The intermediate lead plate 32 connects the battery modules 2 constituting the battery blocks 4 arranged in each stage in parallel, and connects two sets of battery blocks 4 arranged in two stages in series. The intermediate lead plate 32 is made of one metal plate, is on the side opposite to the metal plate 20, is connected to the end of all the battery modules 2, connects the two battery blocks 4 in series, and is the same Stage battery modules 2 are connected in parallel.

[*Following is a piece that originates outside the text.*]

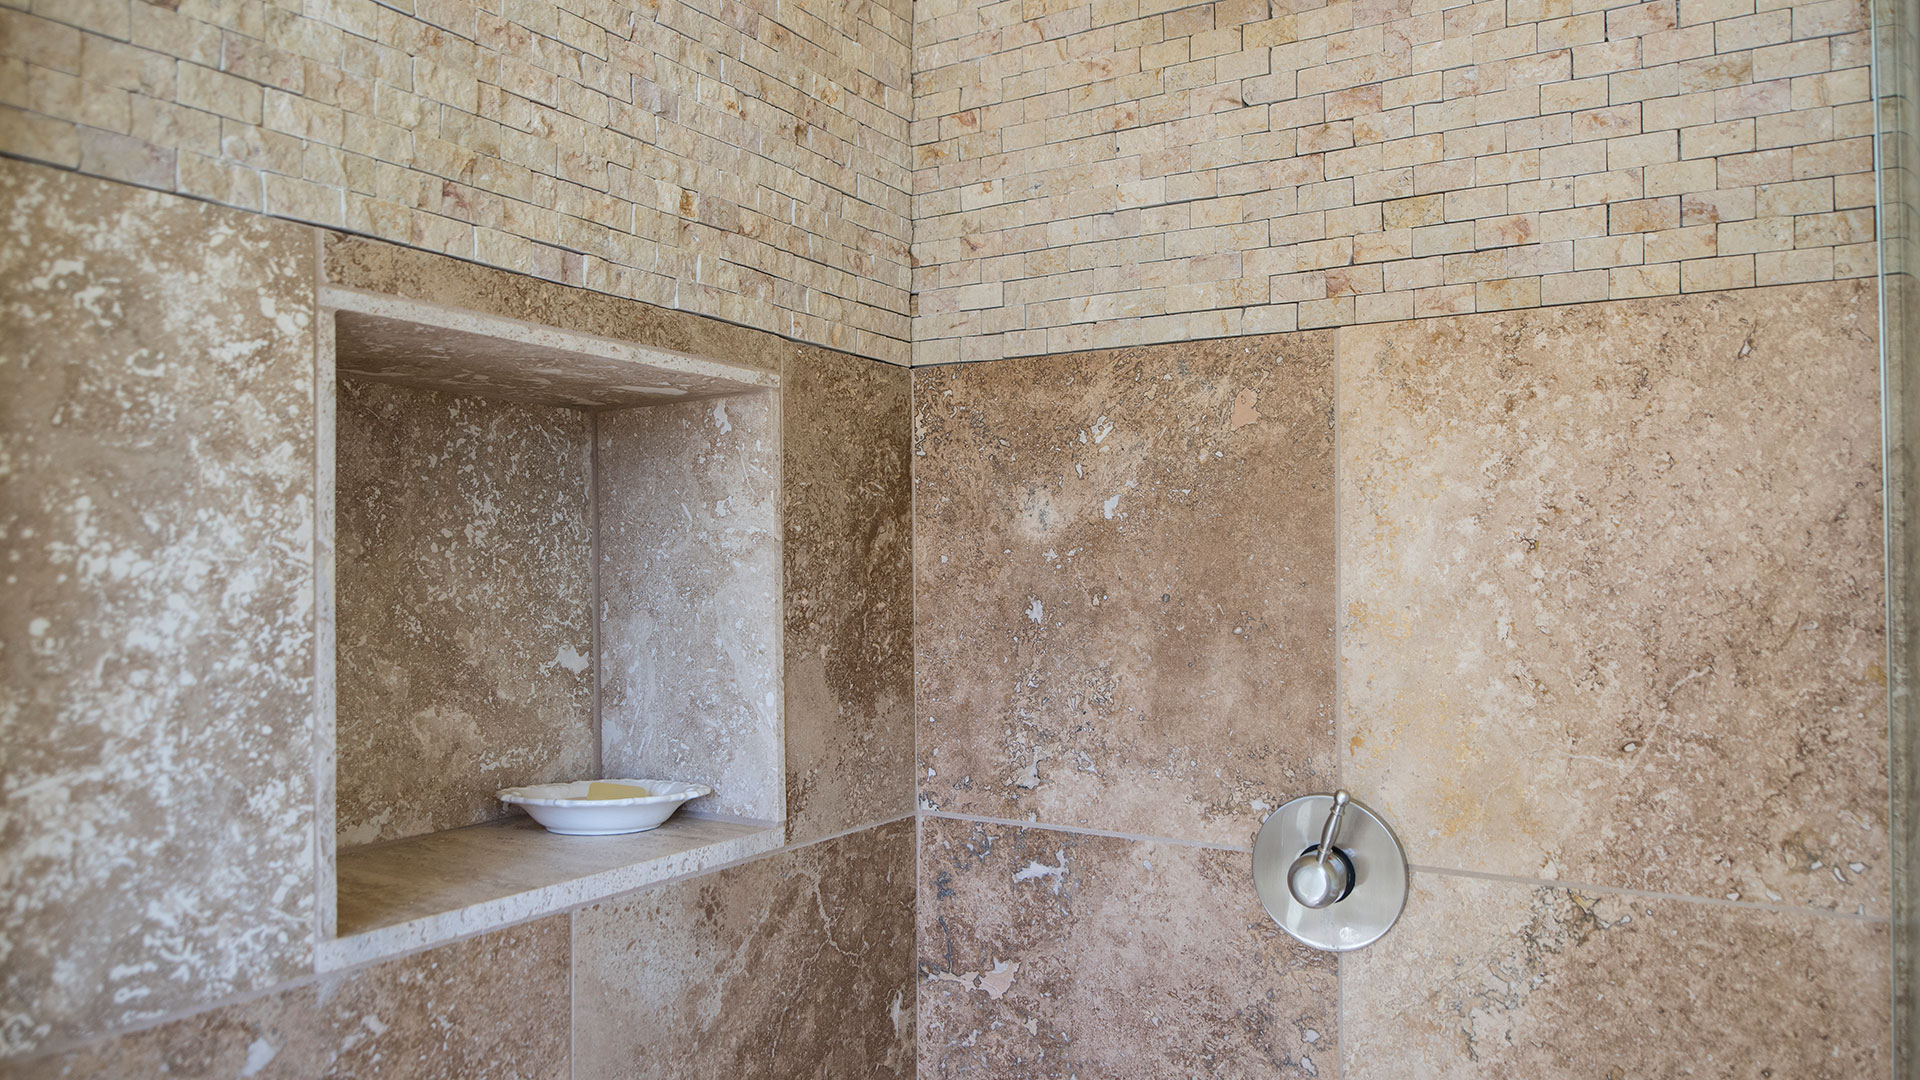 Interior shower with rustic stone tiles, metal valve, and a stone niche.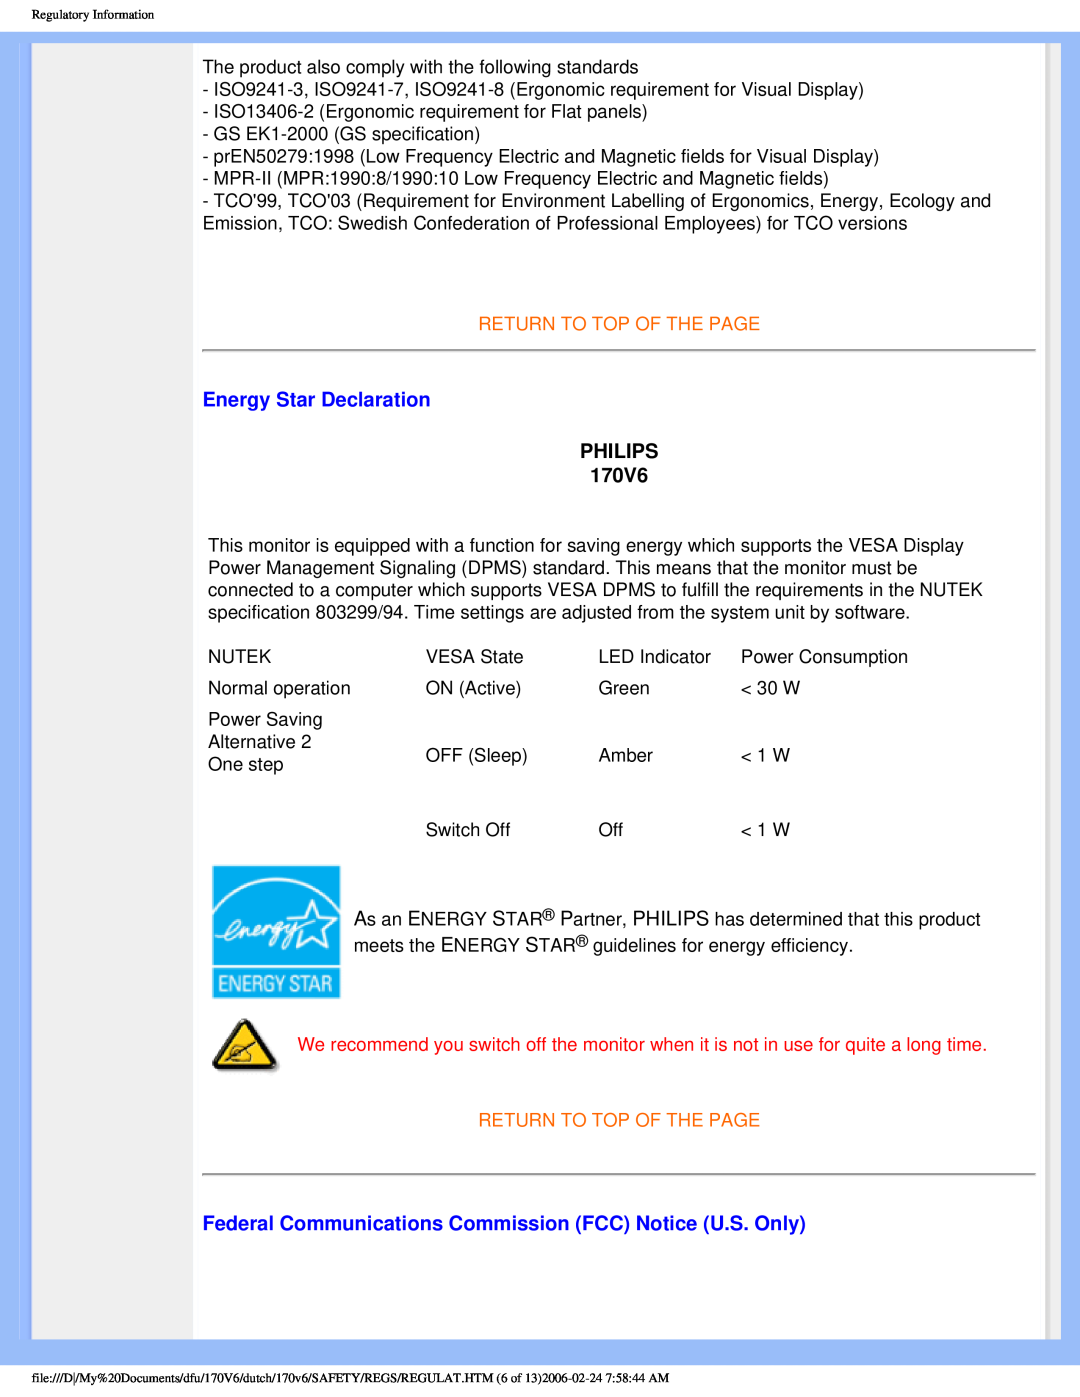 Philips 170V6 user manual Energy Star Declaration, Philips, Return To Top Of The Page

The intermediate lead plate 32 is also provided with a projecting tab 33 protruding so as to input the voltage of the battery cell 1 to the circuit board 40, and the connection tab 33 is connected to the voltage detection circuit of the circuit board 40. Since the intermediate lead plate 32 is a single metal plate and connects two sets of battery blocks 4, the two sets of battery blocks 4 are connected to each other with the separator 60 sandwiched between them. It becomes a state.
(Separator 60)

The separator 60 is made of an insulating material such as plastic and is disposed between the battery modules 2 disposed in a plurality of rows and two stages to insulate the two-stage battery blocks 4. Since the separator 60 insulates the battery blocks 4 in two stages, the outer shape of the separator 60 is a quadrangle that is the outer shape of the battery block 4. That is, the separator 60 is equal in length and width to the battery block 4. The separator 60 in the figure is entirely planar. However, although not shown, the separator can be provided with fitting grooves (or curved grooves) along the cylindrical battery on both sides. The separator can be arranged at a fixed position by guiding the battery module into the fitting groove. For example, a separator that arranges battery blocks connecting six rows of battery modules in parallel on the same plane can be provided with six rows of fitting grooves on both sides, and each battery module can be placed in a fixed position. This separator can be connected to each other by, for example, adhering the battery module via a double-sided adhesive tape (not shown) and arranging the two-stage battery blocks in place.
(Circuit board 40)

  A circuit board 40 is disposed on the side edge of the separator 60. The circuit board 40 is disposed at a fixed position on the side edge of the separator 60 via the board holder 42. The substrate holder 42 is formed by molding an insulating material such as plastic. 3 is provided with two rows of guide grooves 44 for guiding the battery modules 2 arranged in two stages on the surface facing the battery block 4. The substrate holder 42 can be arranged so as not to be displaced with respect to the two-stage battery block 4 by guiding the two-stage battery module 2 to the guide groove 44. Further, the substrate holder 42 is provided with a peripheral wall 46 for disposing the circuit board 40 at a fixed position on the outer surface opposite to the surface facing the battery block 4. The circuit board 40 is placed inside the peripheral wall 46 and disposed at a fixed position. Further, the substrate holder 42 of FIGS. 2 and 3 opens through holes 45 through the connection tabs 31 of the intermediate connection member 30 and the connection tabs 33 of the intermediate lead plate 32 on both sides of the surface facing the battery block 4. Provided. The substrate holder 42 in the figure is a side edge portion of the guide groove 44 and approaches the peripheral wall 46 to open a through hole 45. The circuit board 40 is provided with a connection recess 41 for guiding the connection tabs 31 and 33 on the outer periphery facing the through hole 45 of the substrate holder 42. The connection tab 31 of the intermediate connection member 30 and the connection tab 33 of the intermediate lead plate 32 are inserted into the through hole 45 of the substrate holder 42 and guided to the connection recess 41 of the circuit board 40 to be soldered to the circuit board 40. Connected. Further, the illustrated substrate holder 42 is provided with a support rib 48 that protrudes from the inner surface of the peripheral wall 46 to support the outer periphery of the circuit board 40 disposed inside the peripheral wall 46. The illustrated support ribs 48 are provided on both sides of the through hole 45. The support rib 48 supports the circuit board 40 connected to the connection tabs 31 and 33 in the connection recess 41 at a fixed position.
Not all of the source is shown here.